Here's the video discussing DeMark's call for a top in several European countries and the U.S. VERY close to a top, perhaps within days, which fits almost perfectly with all of the Trend #1 expectations that have so far been spot on. One of the most recent events that needed to occur in trend #1 for a reversal is we first needed to take out Friday December 4th's intraday high, the reason is to set up a head fake move, so it's not just about hitting the level although hitting stops and orders is one component of it, but more importantly if you have read the "Understanding the Head-Fake Move" article I have been publishing in parts, it's the demand and higher prices that are created on such a move that allow Wall Street to move out of big positions and start shorts, thin the size they trade and especially with volume as low as it has been the last several years, they need that demand and higher prices are just a given, they don't chase and they don't sell in to weakness unless they're in real trouble.
So DeMark's call is right there with our expectations. You may recall I said as early as last Monday, "We are not going to get good distribution signals until we are above that level) and as we moved above the level late last week that is the first day we started to get distribution signals. So I think what DeMark is saying fits very well not only with our expectations, but almost every concept we follow with regard to how the market works and behaves at reversals.

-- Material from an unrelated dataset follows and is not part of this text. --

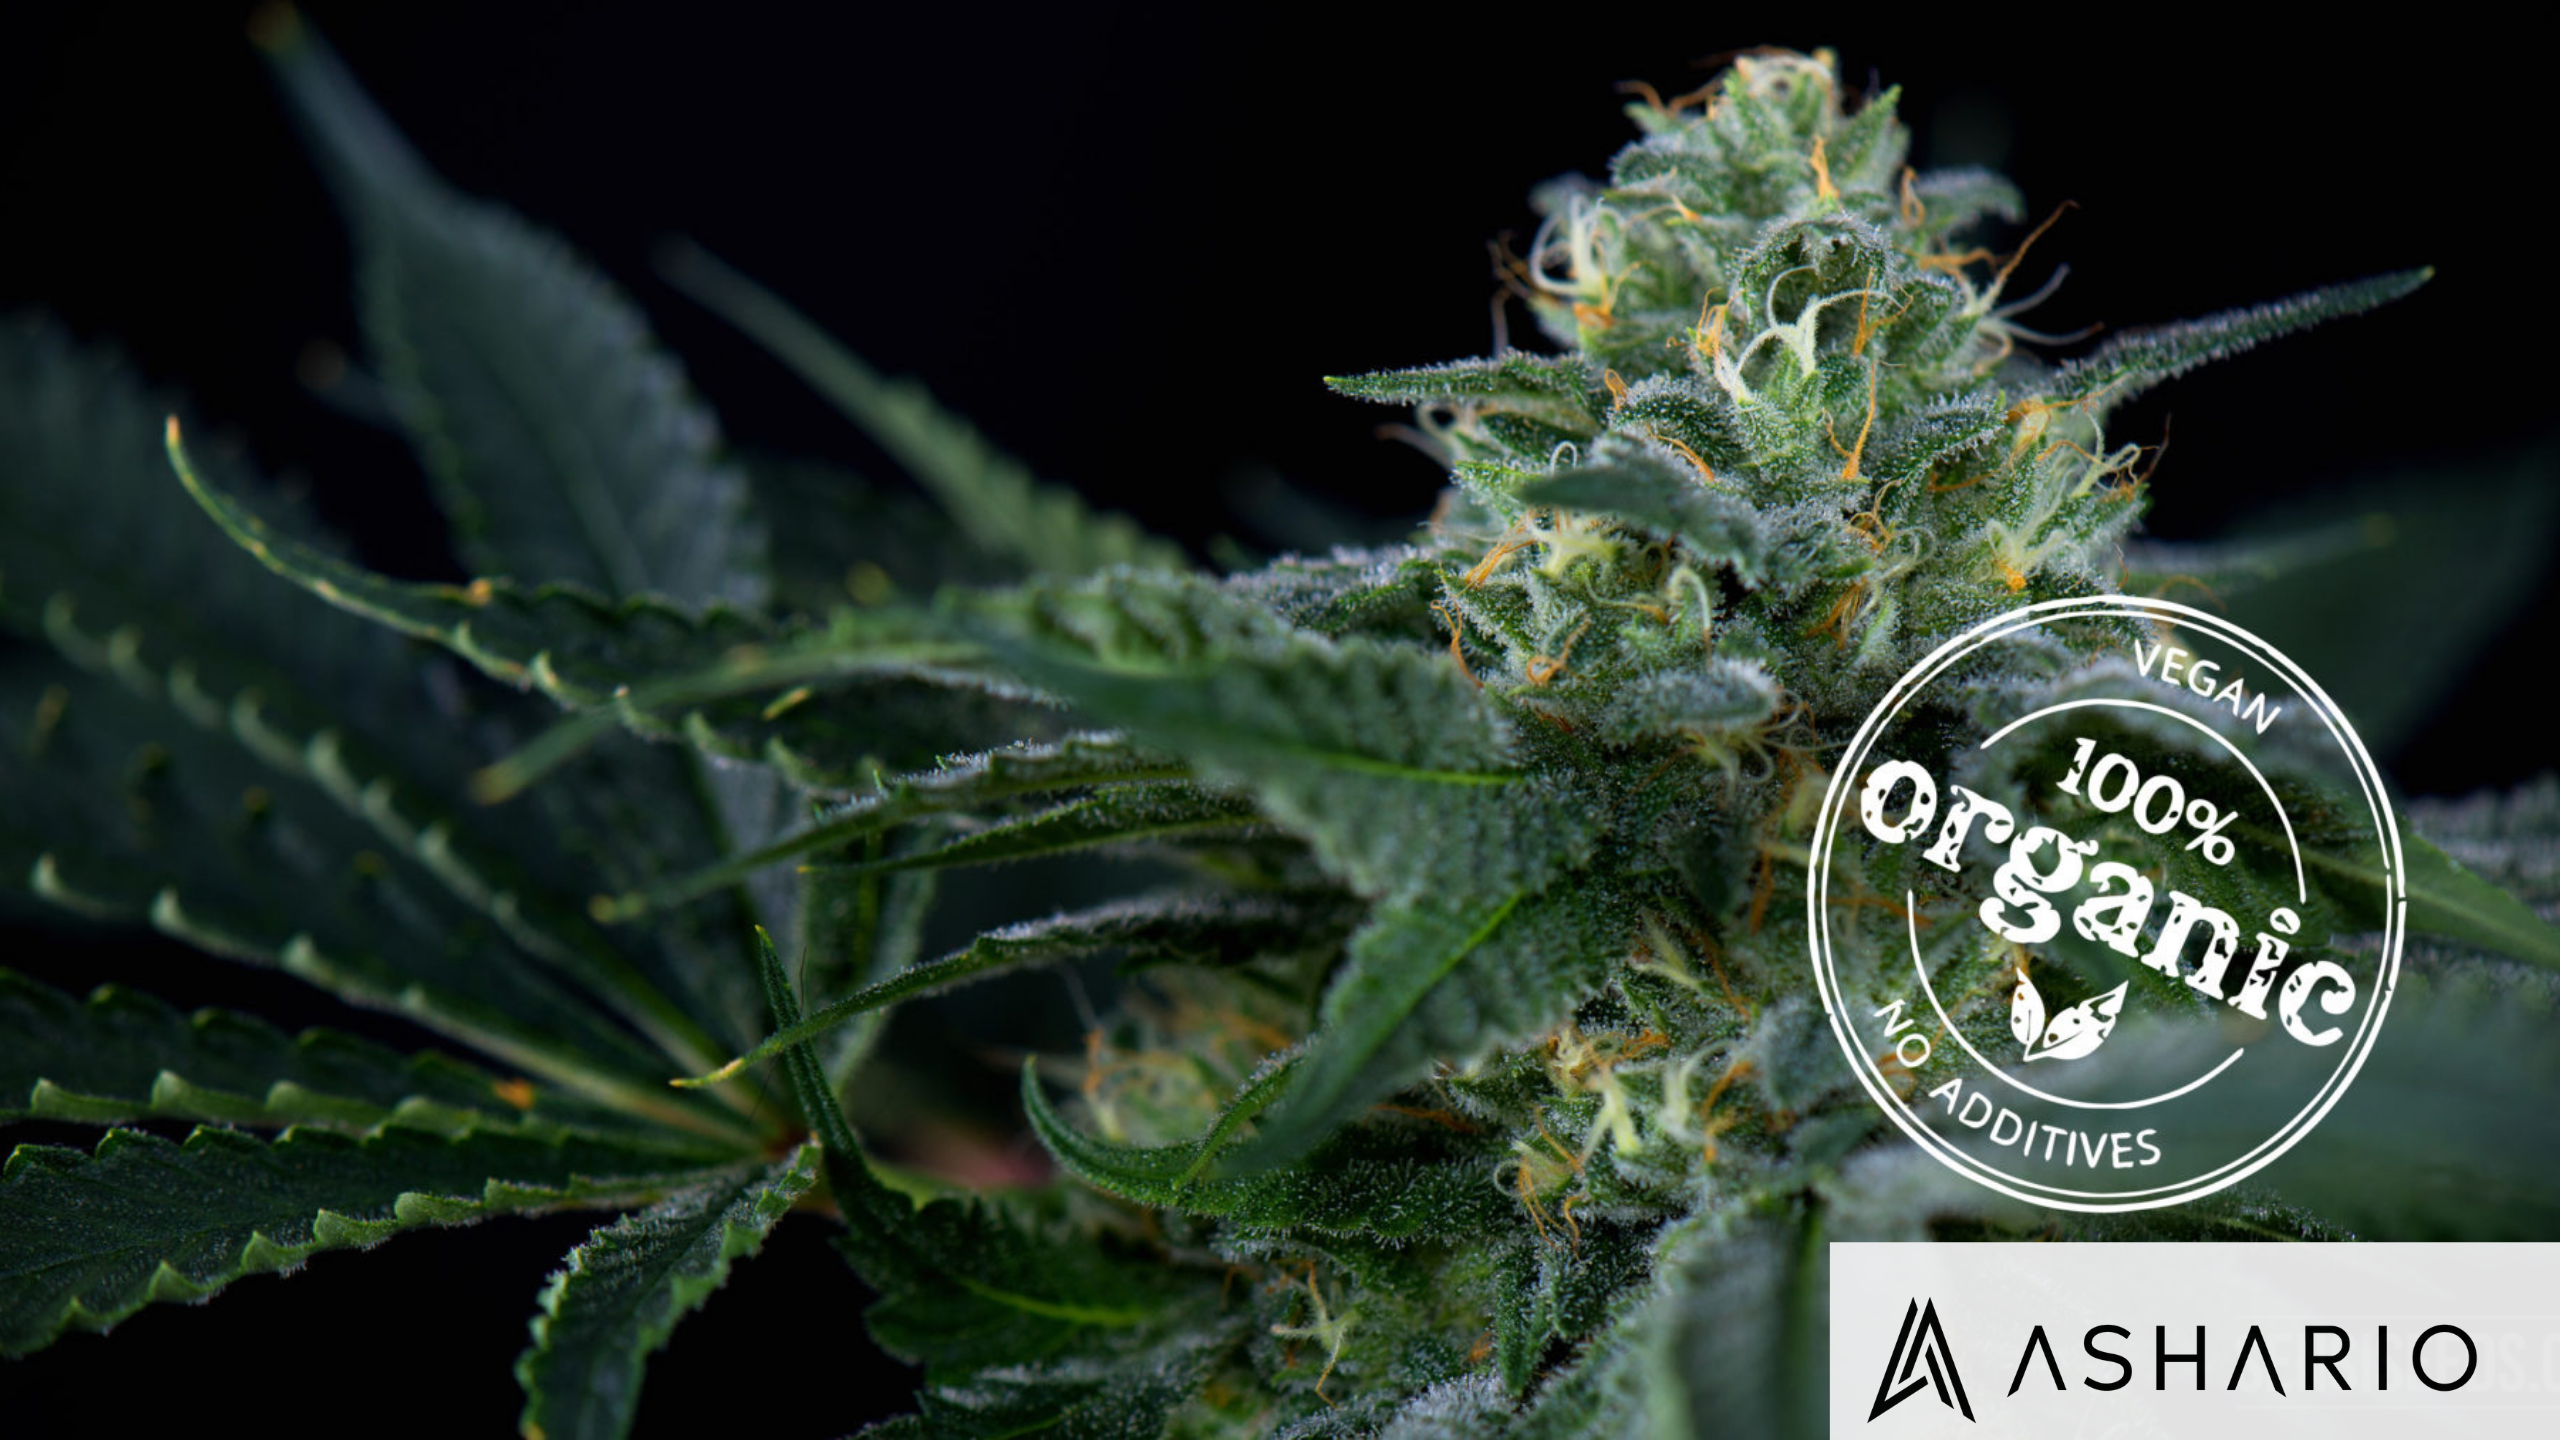 Ashario Cannabis leads the way in North York with its pioneering approach to organic cannabis cultivation.

Here's the video on DeMark and below are several charts using my own indicator.
DIA Daily buy and sell signals
IWM Daily
IWM 2-day (The longer the chart, the more important the signal)
QQQ
SPY
Energy
Financials
Technoology -as you know, the AAPL Call position is still open, still looking for a strong, but fast move. This isn't meant to be an AAPL update, but there are still some good signals to support the idea of that trade.
AAPL 1 min saw a late day positive divergence Friday in to lower prices-classic accumulation.
The 3 min chart, negative Friday morning on the highs after the gap fill and positive going in to the afternoon down-draft.
5 min with immediate distribution in to an AAPL gap up as has been the case for the last several months, some smaller signals and the 5 min in an overall leading positive position.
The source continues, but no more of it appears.